━━ Dataset section ━━
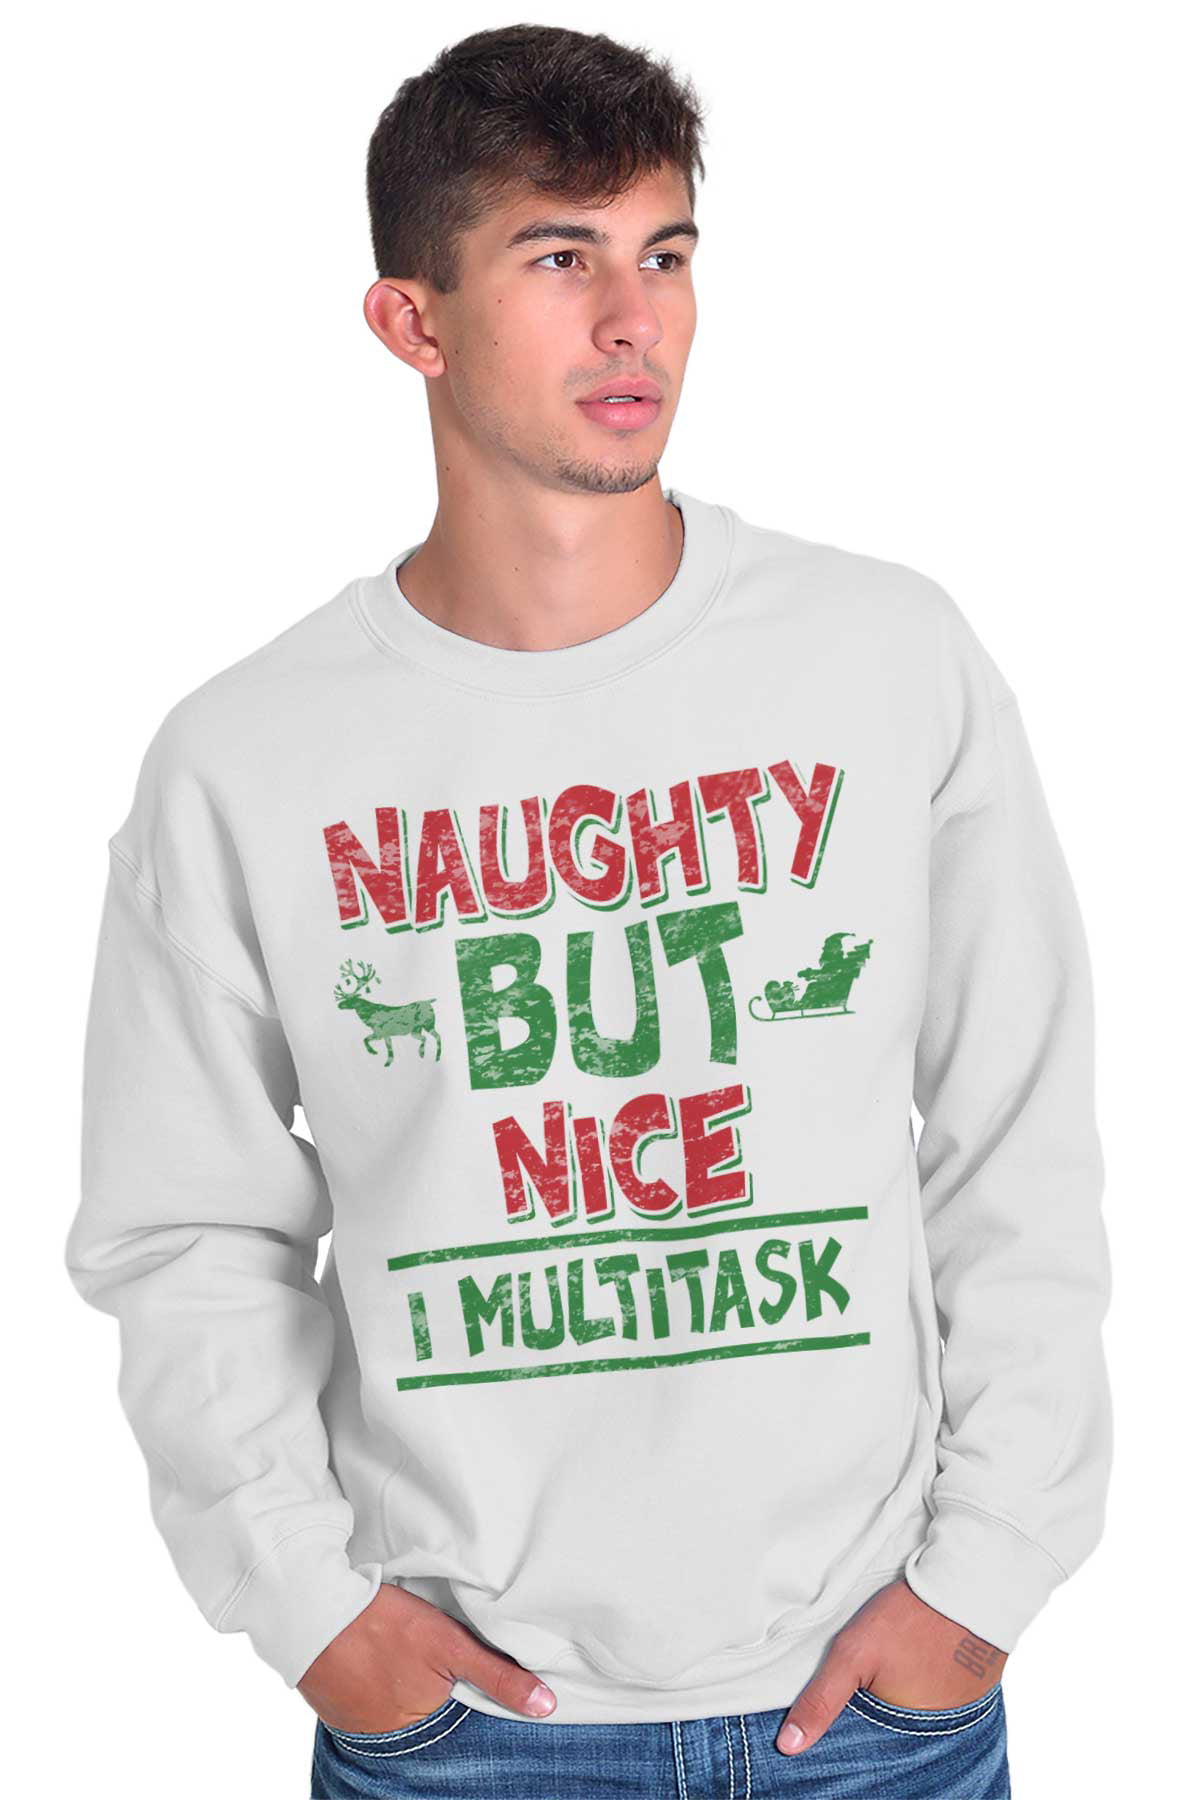 Naughty But Nice I Multitask Jumper Funny Christmas Xmas Day Ugly Unisex Top 
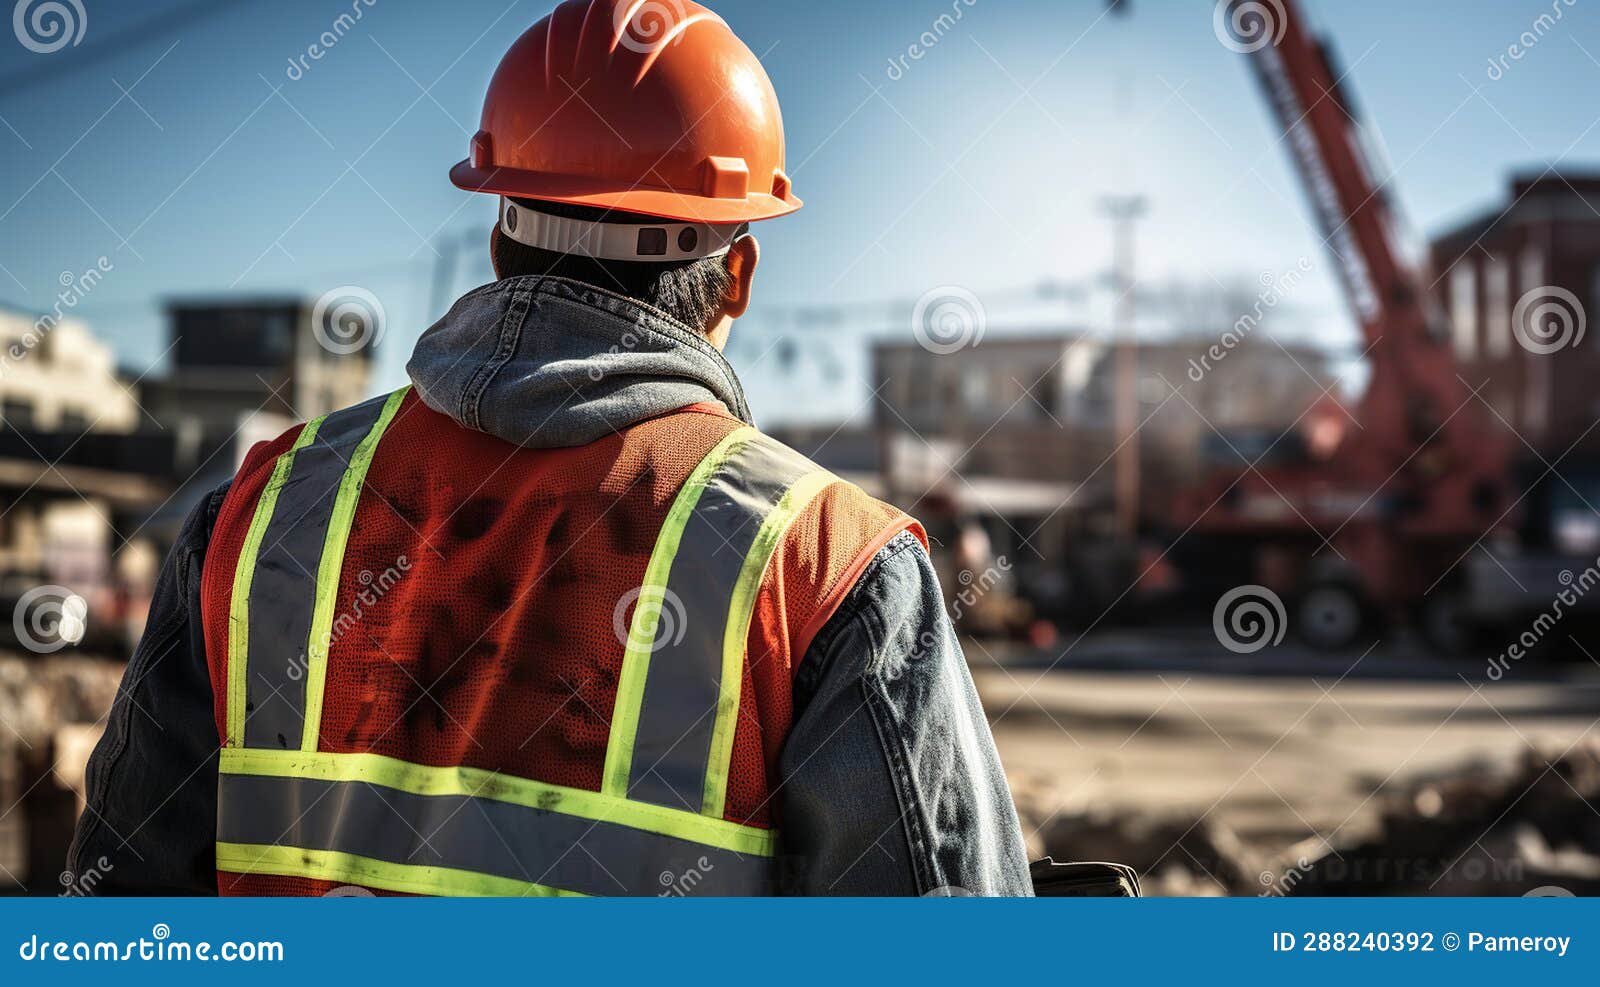 the red-hatted worker orchestrating construction's grand choreography
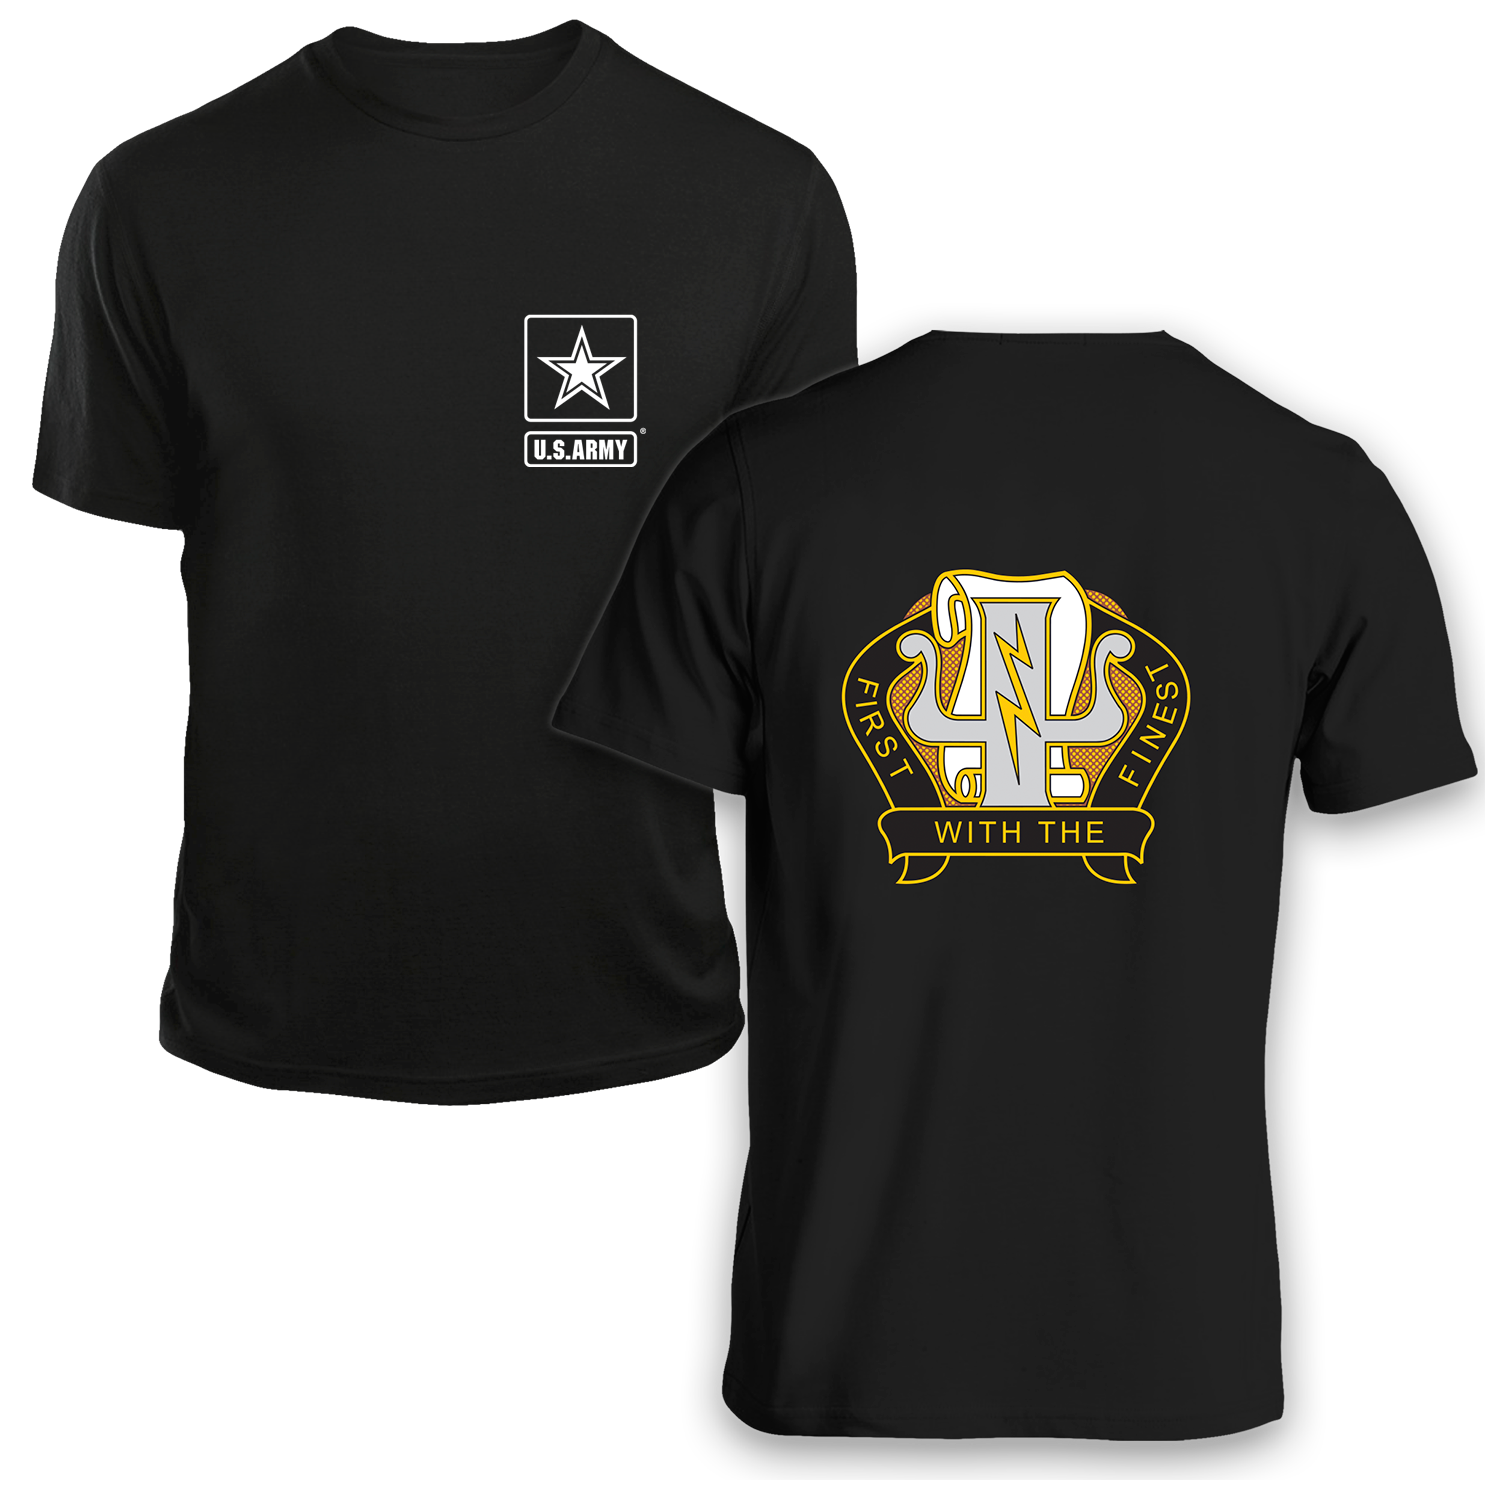 1st Psychological Operations Battalion Army Unit T-Shirt- MADE IS THE USA
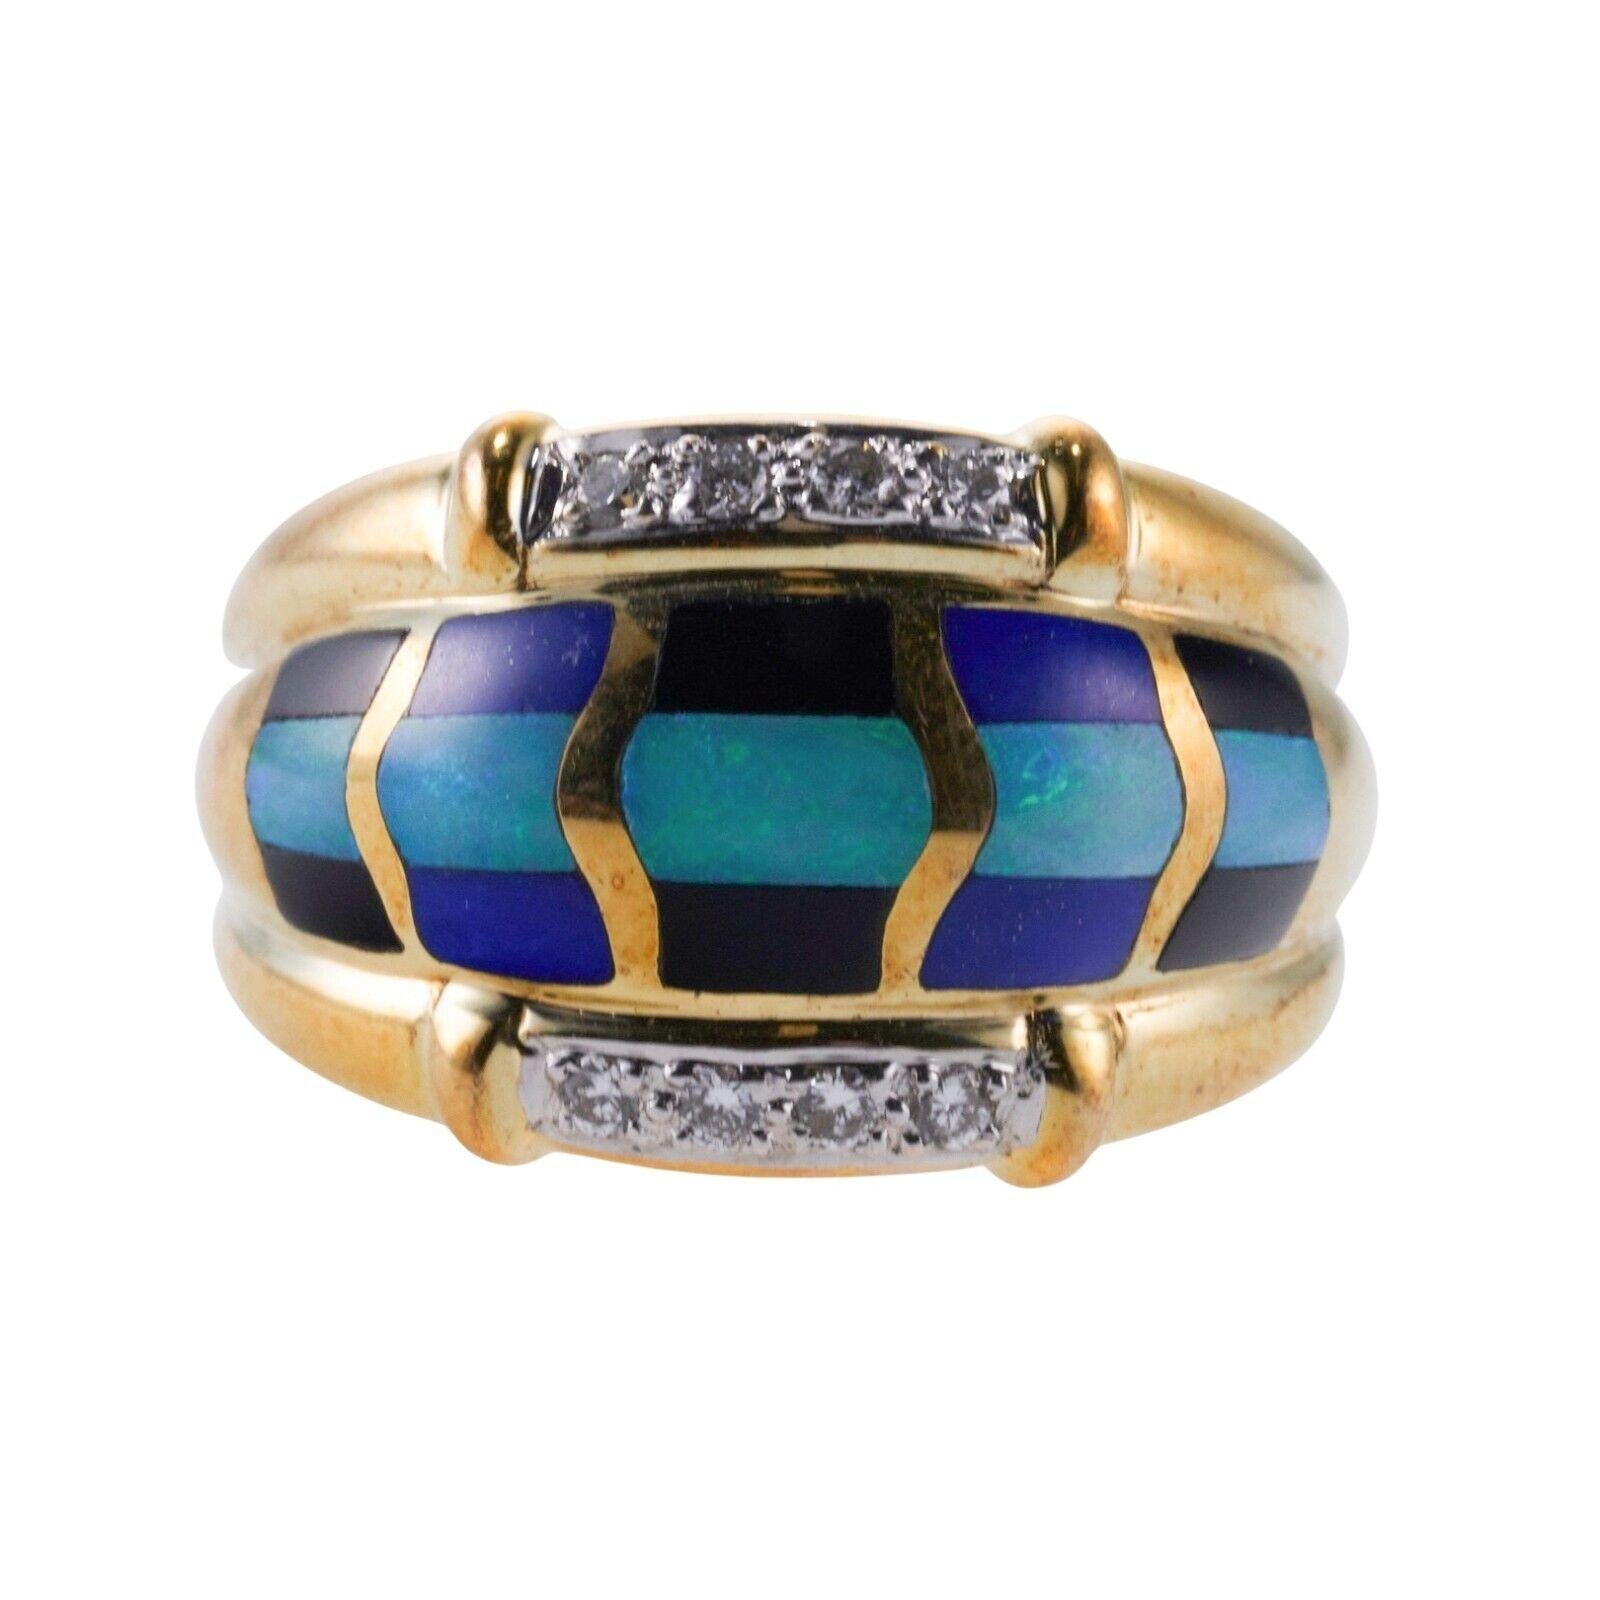 A 14k yellow gold ring set with mother-of-pearl, onyx, lapis, opal, and diamonds - approx. 0.08ctw. Ring Size 8, 15mm wide. 10.8 grams.
━━━
To do: Return the lines of the data above in full and exactly, with no pictures.

Solution for this exercise:
 Naughty But Nice I Multitask Jumper Funny Christmas Xmas Day Ugly Unisex Top 
 the red-hatted worker orchestrating construction's grand choreography
 1st Psychological Operations Battalion Army Unit T-Shirt- MADE IS THE USA
 A 14k yellow gold ring set with mother-of-pearl, onyx, lapis, opal, and diamonds - approx. 0.08ctw. Ring Size 8, 15mm wide. 10.8 grams.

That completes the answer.